Unter Druck - Wie Stress uns krank macht (4)

Warum raubt uns Stress den Schlaf?

Schlaf ist eine zentrale Voraussetzung für körperliche und psychische Regeneration. Doch gerade in Phasen hoher Belastung gerät er häufig aus dem Gleichgewicht: Gedanken kreisen, der Körper bleibt in erhöhter Alarmbereitschaft und aus einer einzelnen schlechten Nacht kann schnell ein anhaltendes Schlafproblem werden. Aber wann wird schlechter Schlaf zum Problem?

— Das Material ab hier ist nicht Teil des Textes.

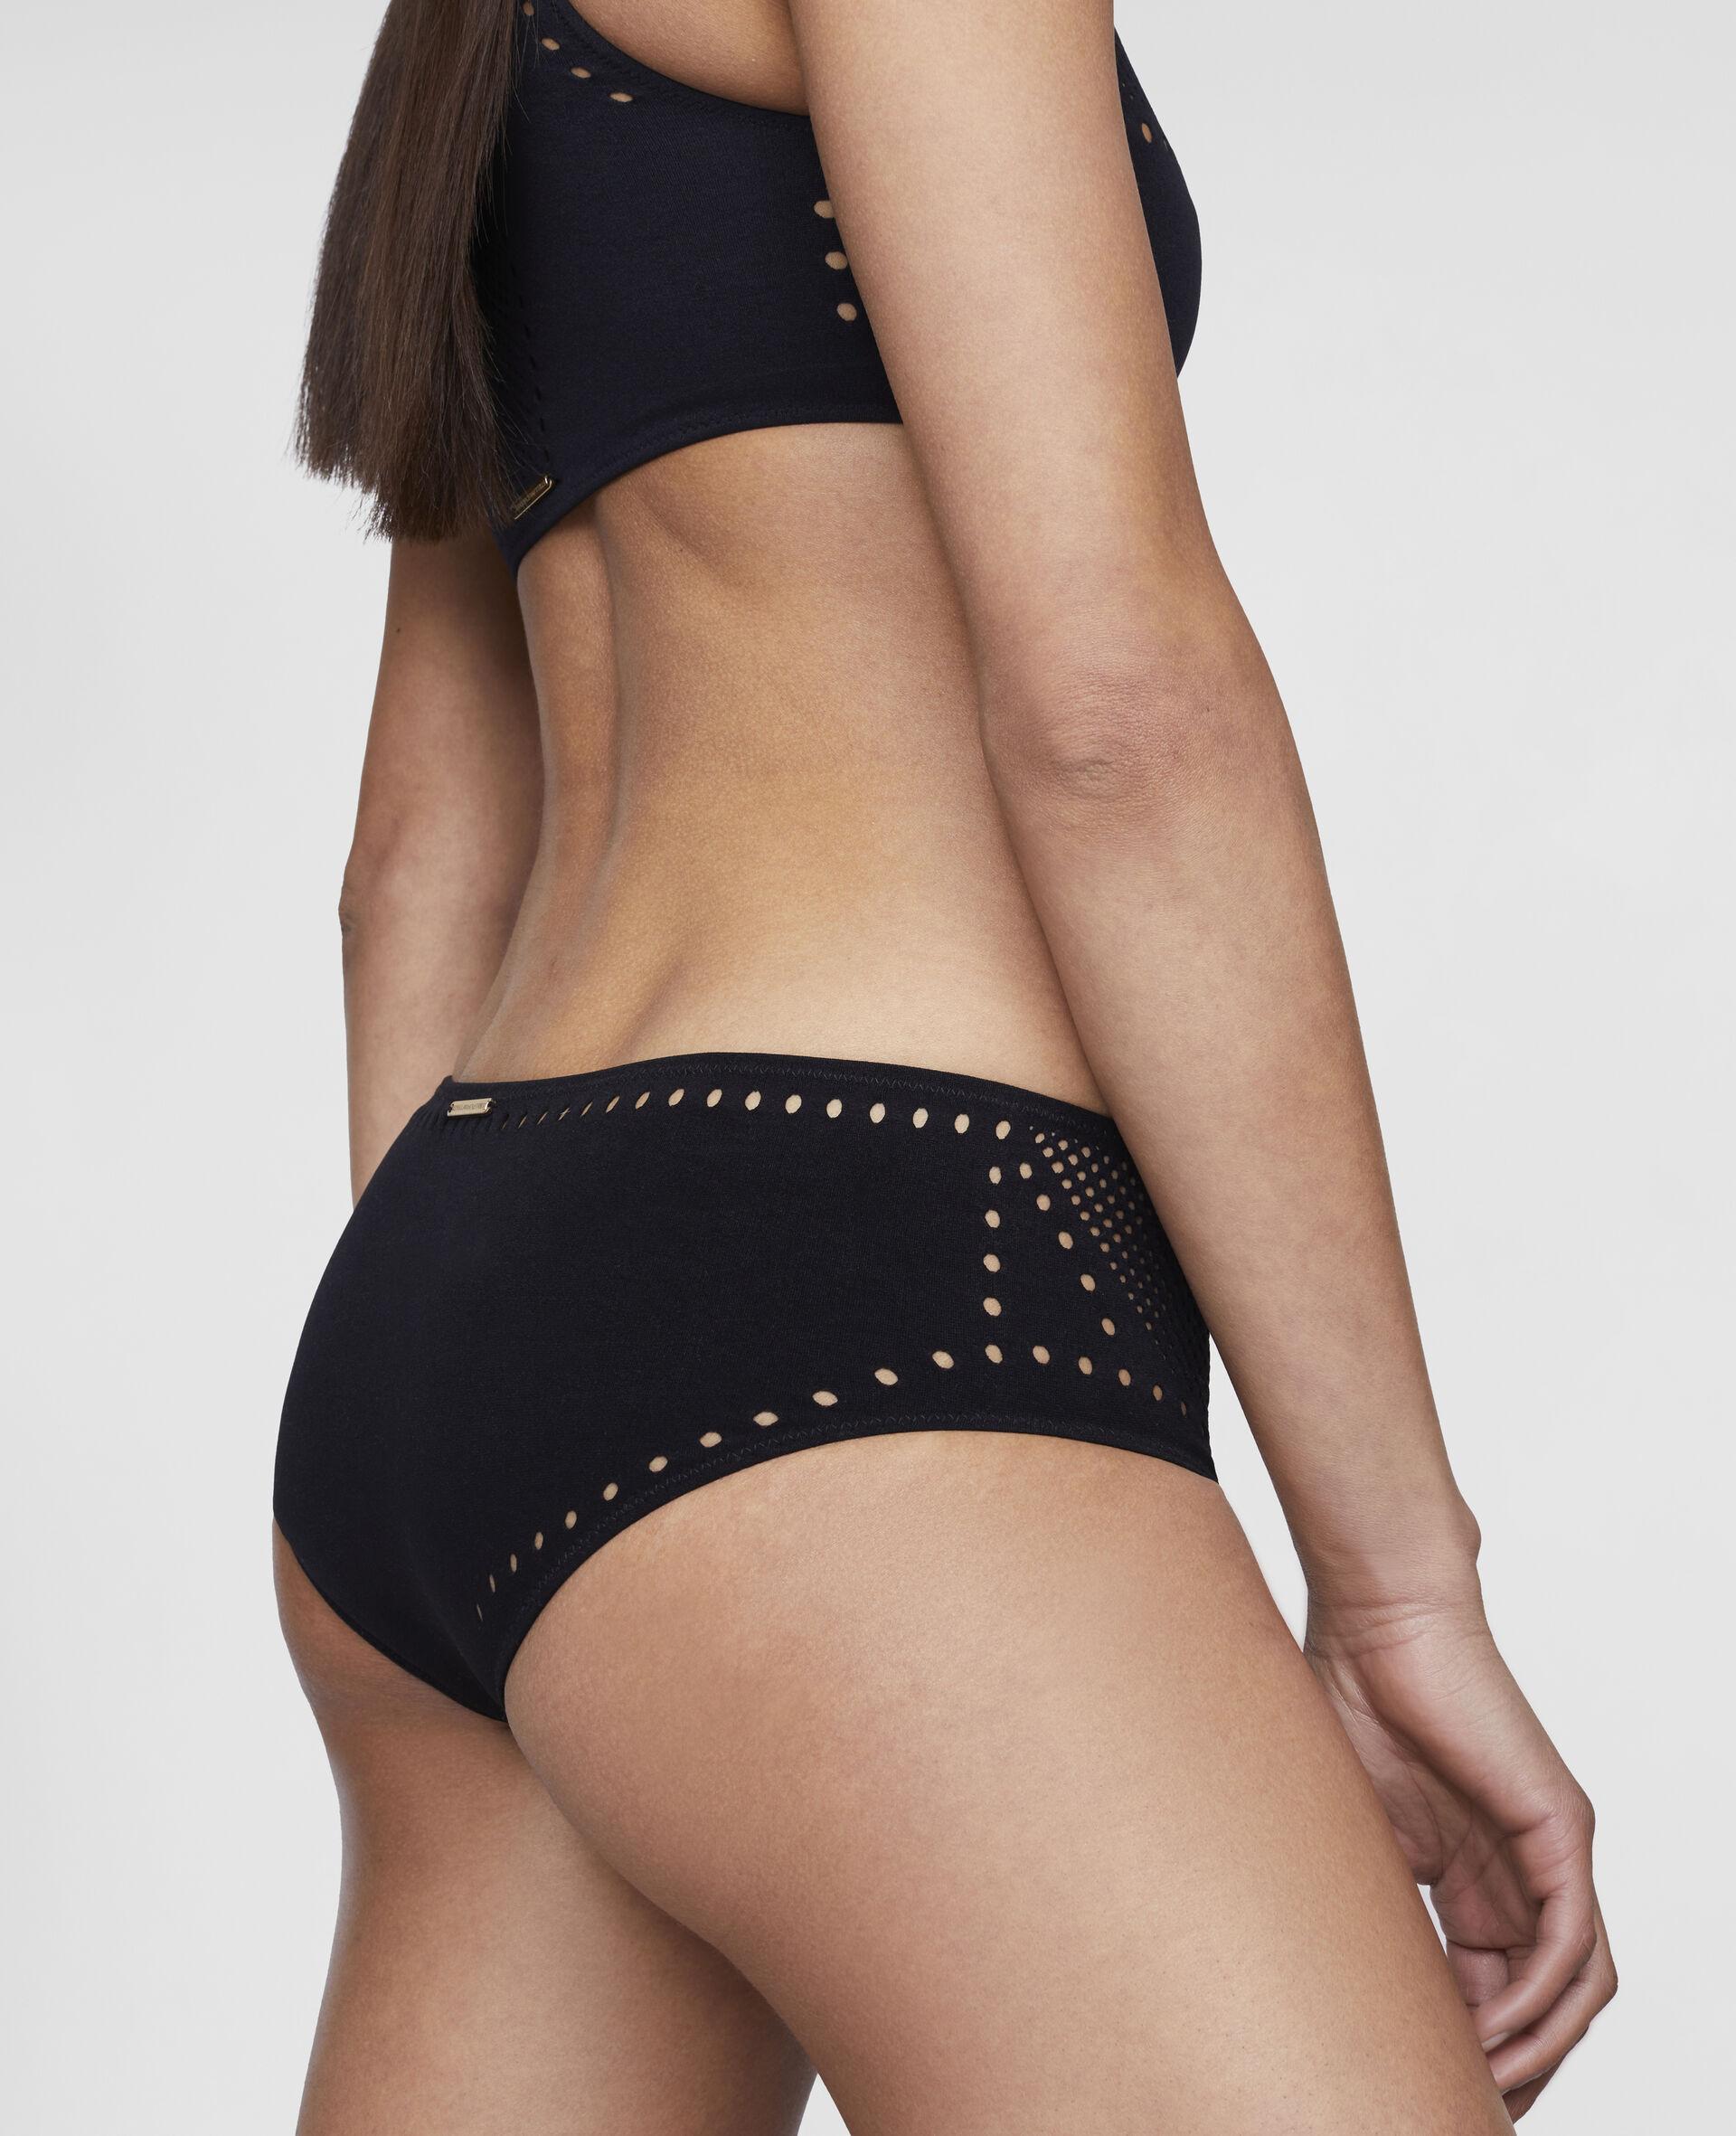 Stellawear Brief-Black-large image number 2

Und wie beeinflussen sich Stress und Schlaf gegenseitig?
In der vierten Folge von "Unter Druck" widmen wir uns der komplexen Beziehung zwischen Stress und Schlaf. Wir schauen darauf, wie unser Schlaf reguliert wird - und warum nicht allein die Dauer, sondern vor allem die Qualität entscheidend dafür sind, ob wir uns erholt und leistungsbereit fühlen.
Wie Stress unseren Schlaf beeinflusst, zeigt sich bei der sogenannten insomnischen Störung. Demnach können chronische Belastungen zu einer anhaltenden Überaktivierung des Gehirns führen und Ein- und Durchschlafprobleme begünstigen. Gleichzeitig können Sorgen über den eigenen Schlaf und nächtliches Grübeln die Schlafstörung weiter verstärken - ein Teufelskreis, bei dem sich die Probleme der Nacht zunehmend auf den Tag ausweiten.
In dieser Folge zeigen wir außerdem, was evidenzbasierte Schlafmedizin gegen solche Beschwerden tun kann, welche Rolle die sogenannte Schlafhygiene für einen erholsamen Schlaf spielt und warum Schlaftracker und Apps oft zusätzlichen Druck erzeugen.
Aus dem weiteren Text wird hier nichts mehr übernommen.